INSTRUCTIONS TO FOLLOW: After finding "ISRO Recruitment 2022-23" in the material below, output its line and every line after it through the last, exactly, but not the pictures.

THE DATA:
Start of Block
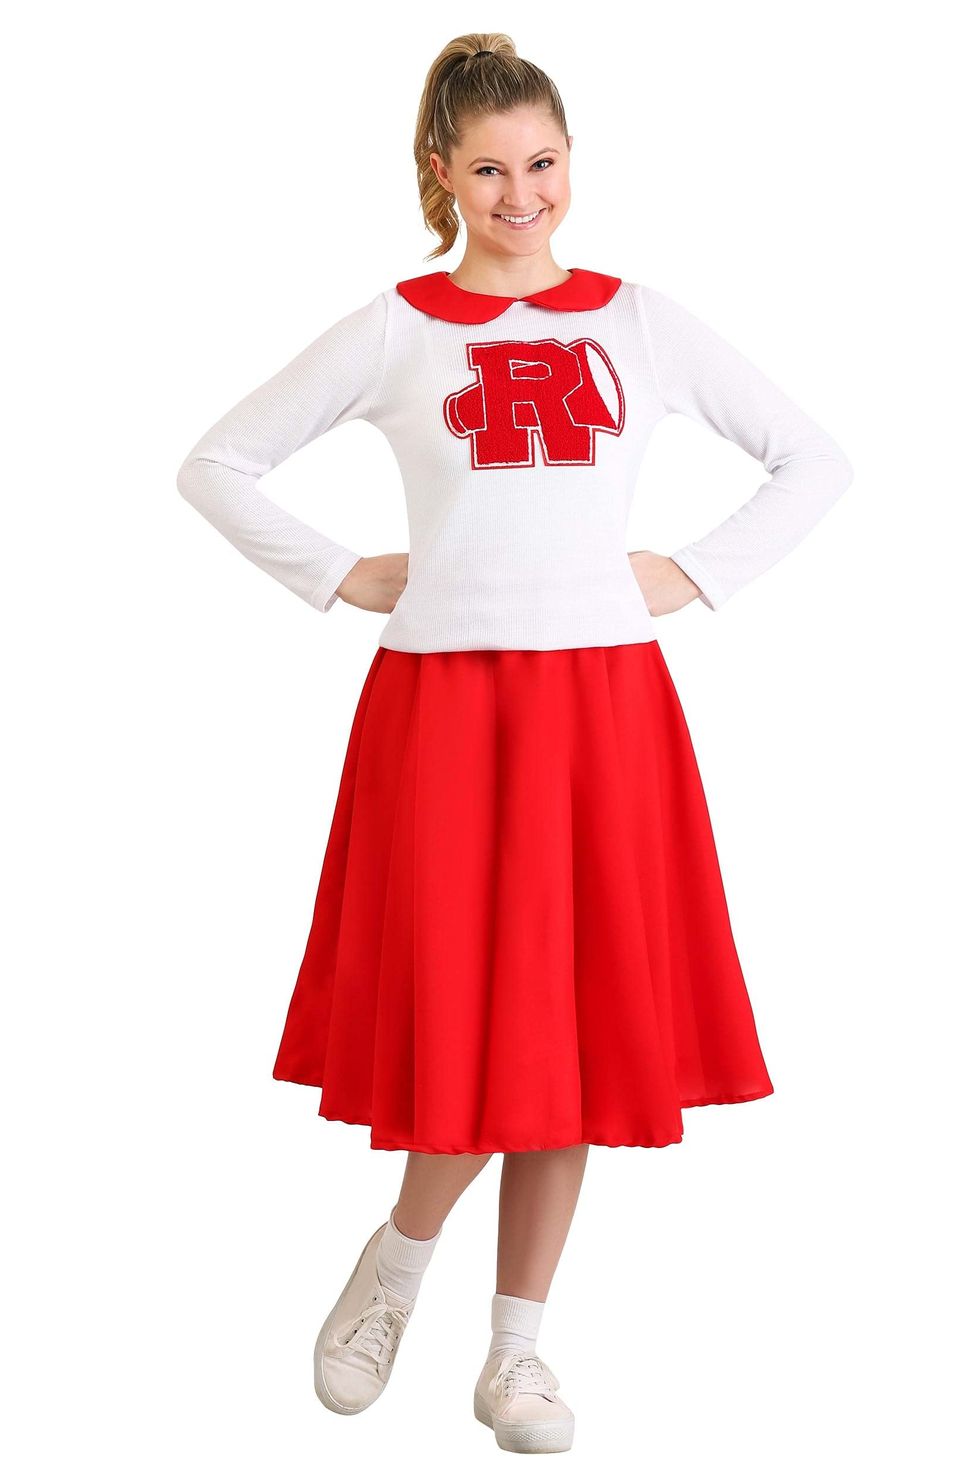 Rydell High Cheerleader Costume
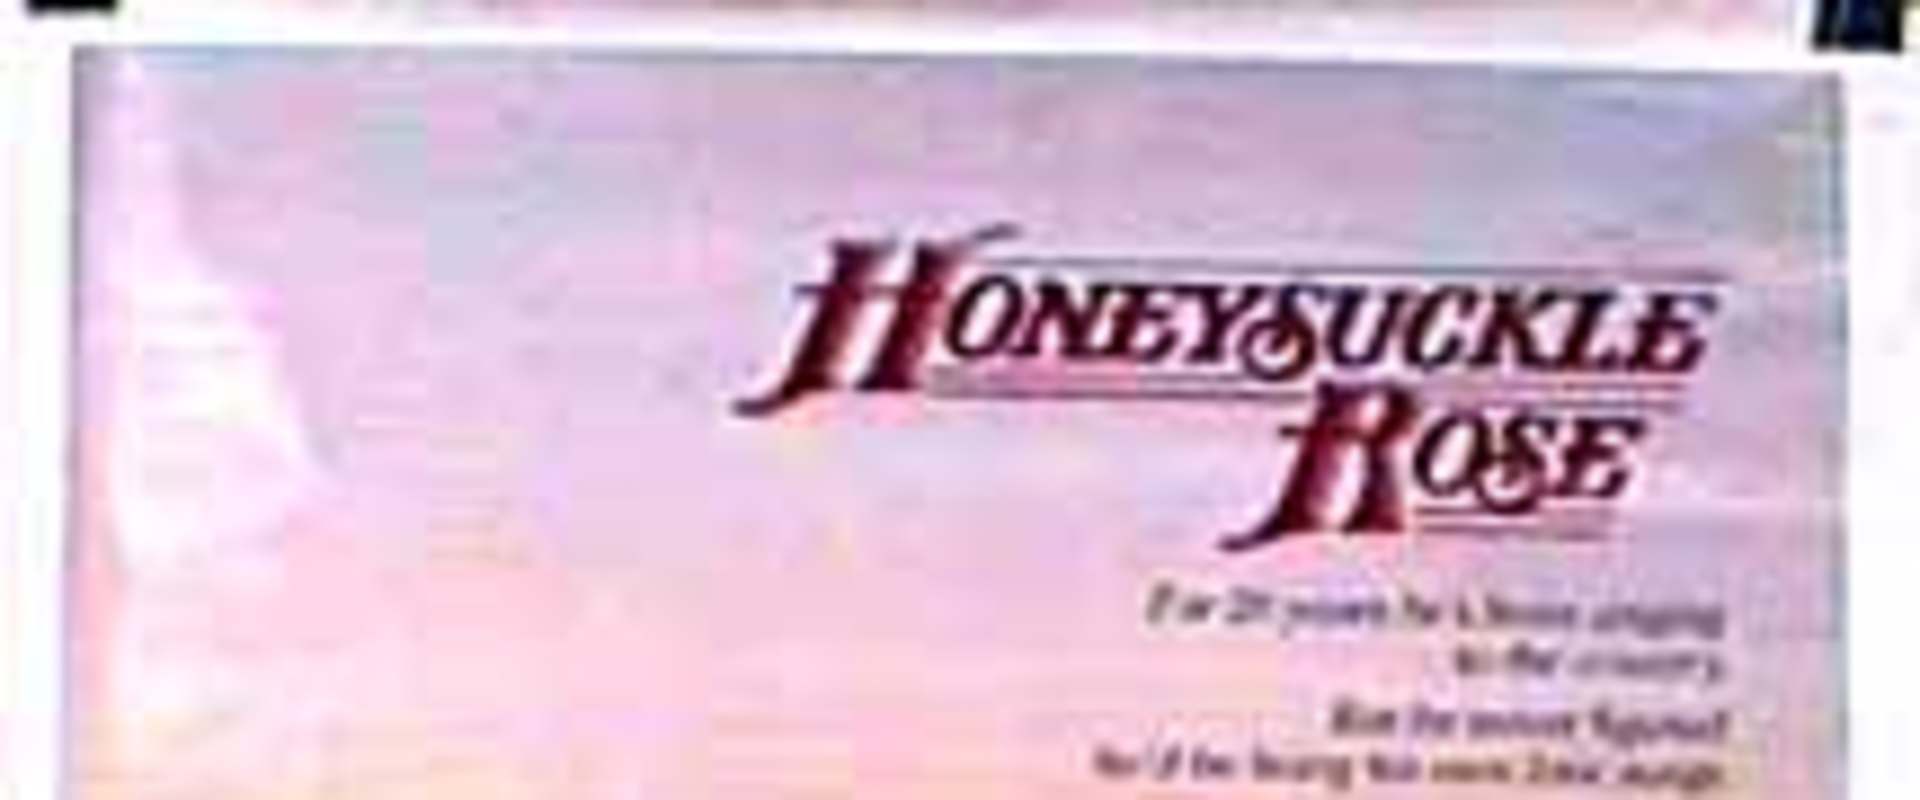 Honeysuckle Rose background 1
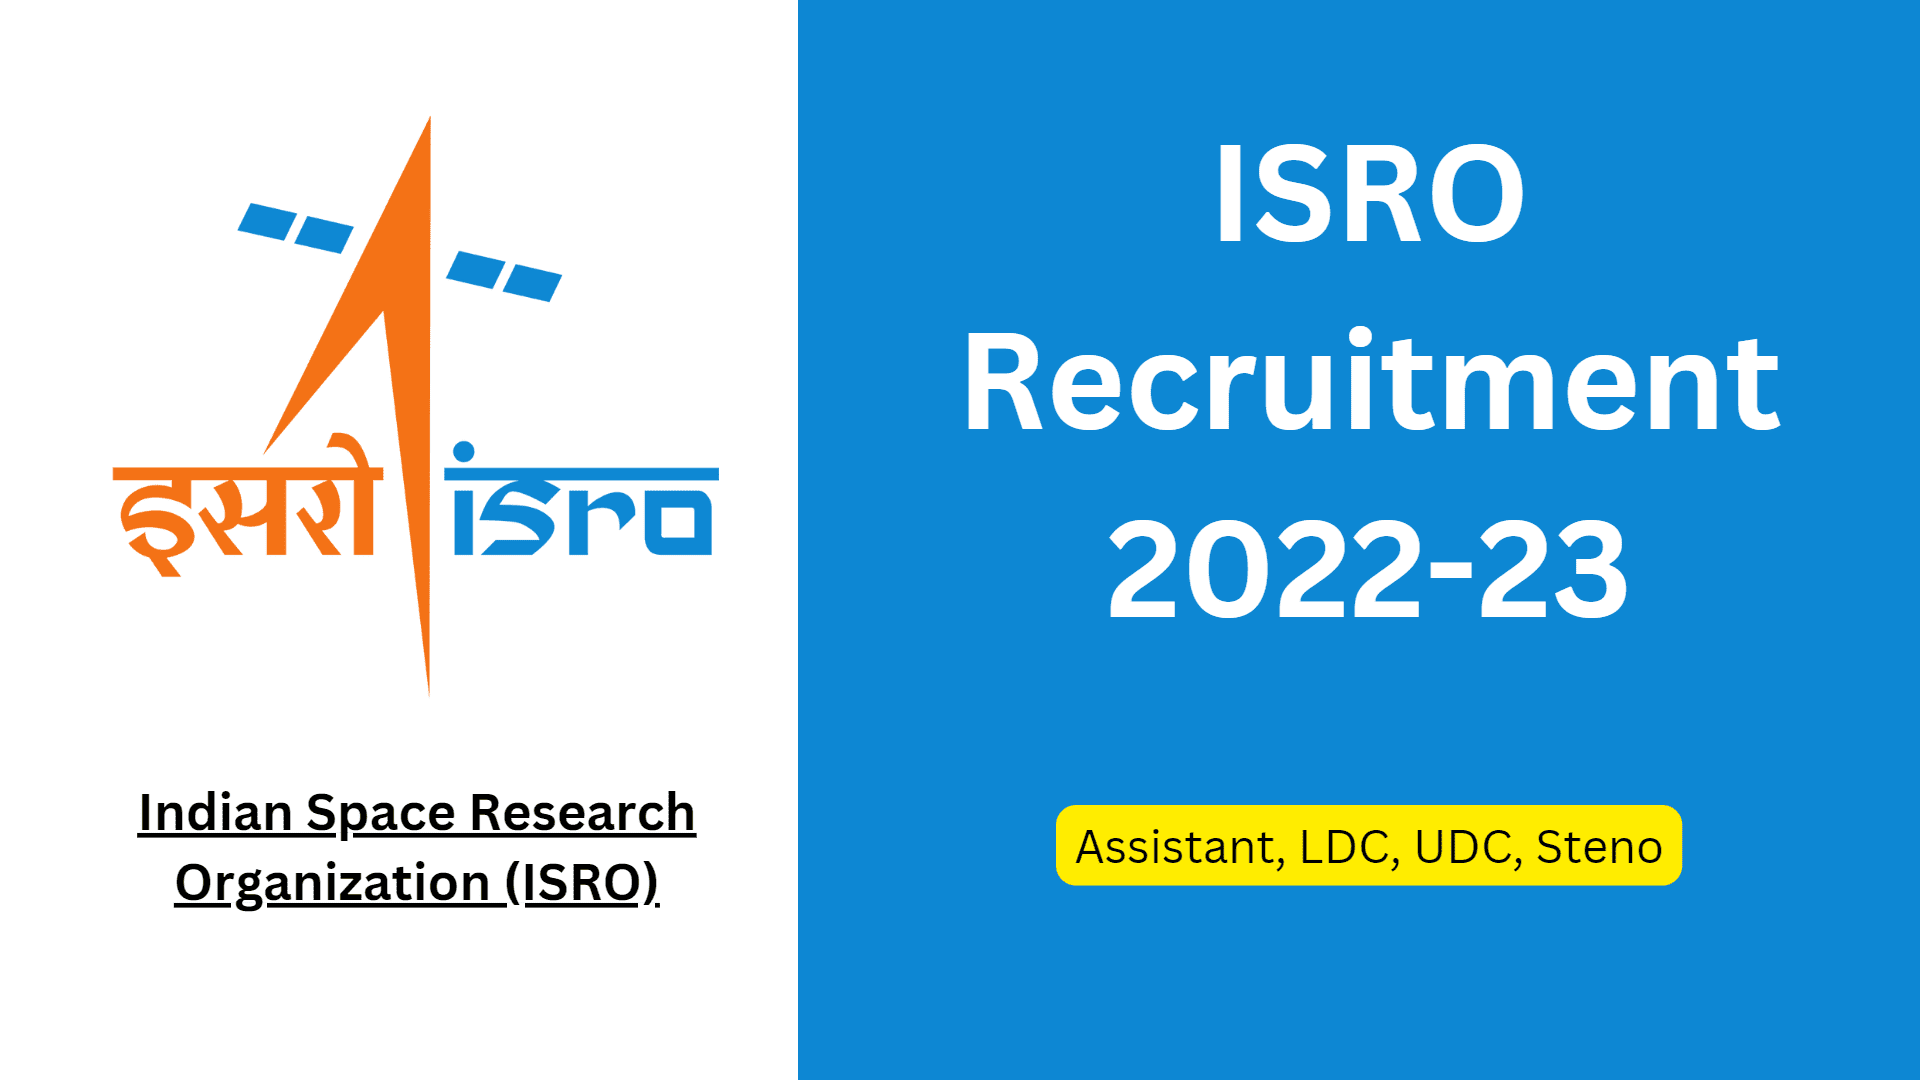 ISRO Recruitment 2022-23
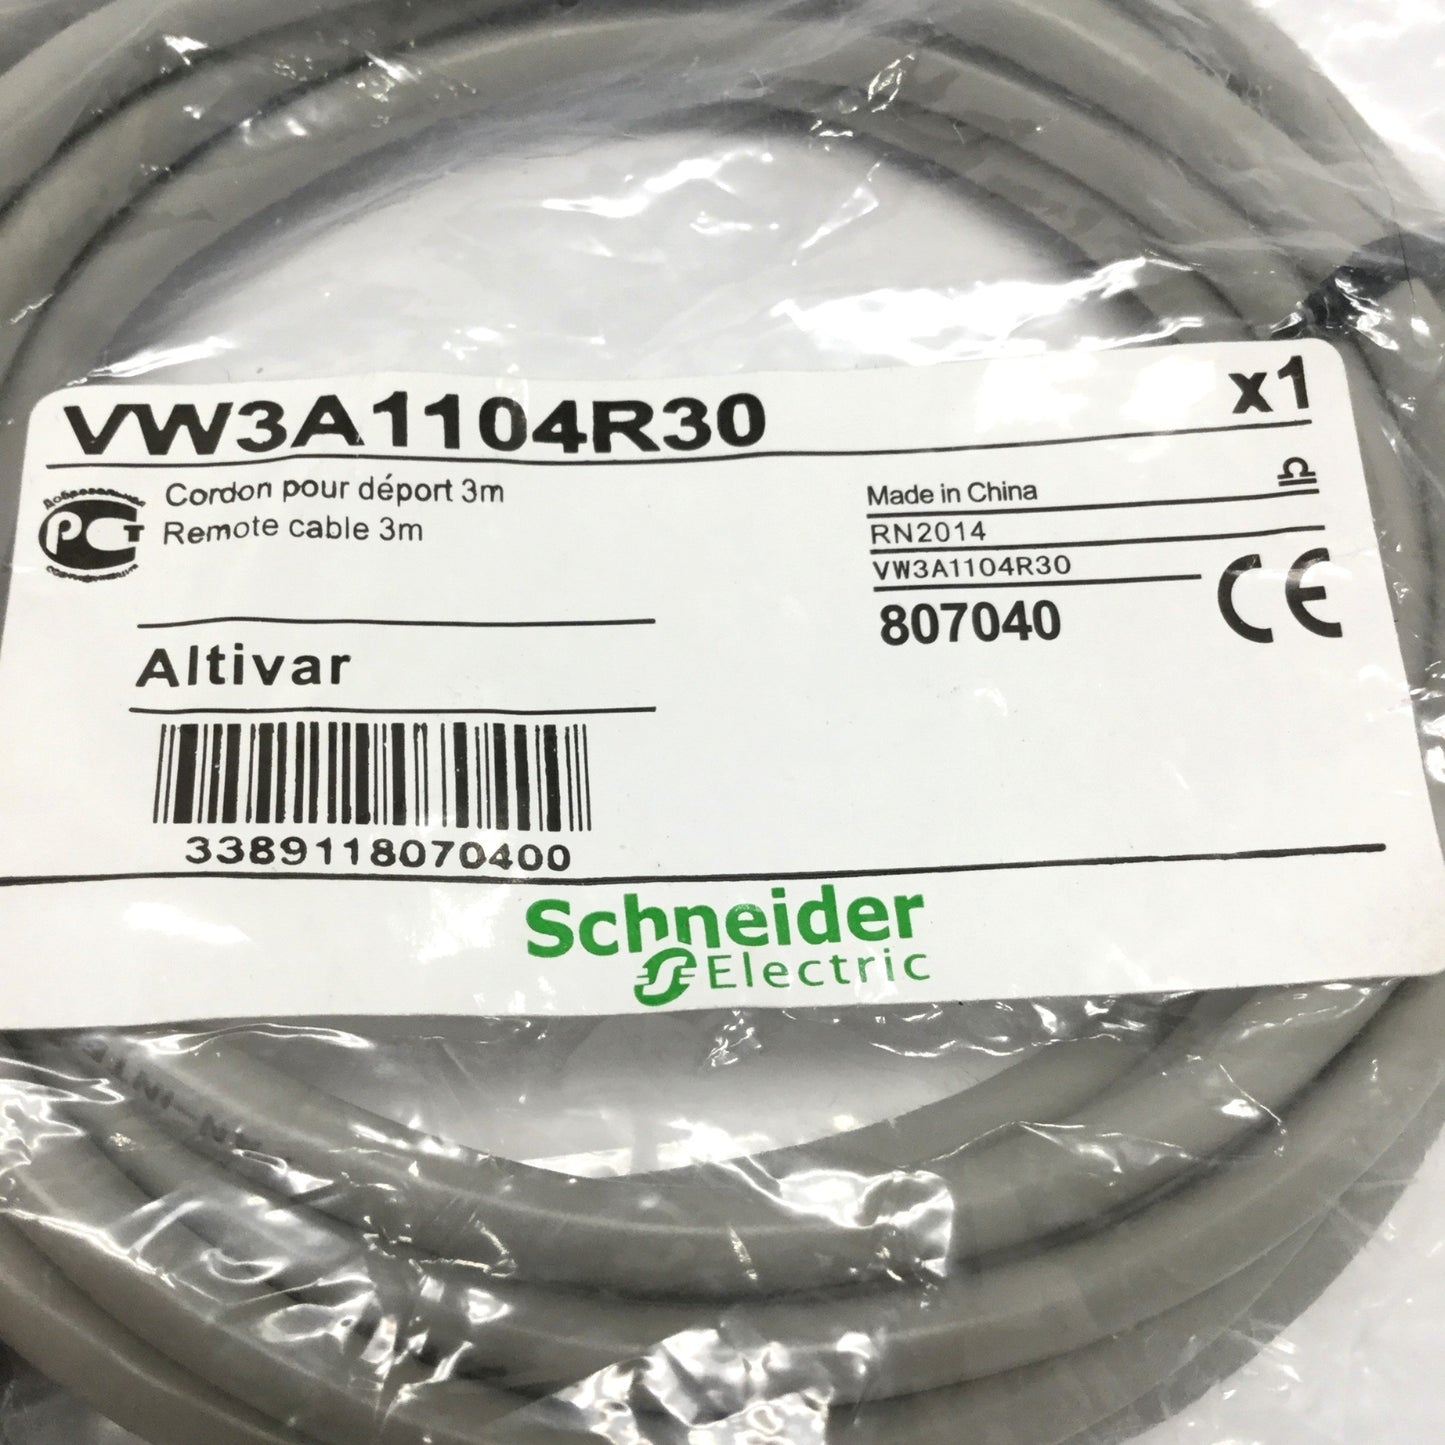 New Schneider VW3A1104R30 Altivar Graphic Display Keypad MTG Remote Cable RJ45, 3m
End of Block
RESULT FOR THIS TASK:
 ISRO Recruitment 2022-23
 New Schneider VW3A1104R30 Altivar Graphic Display Keypad MTG Remote Cable RJ45, 3m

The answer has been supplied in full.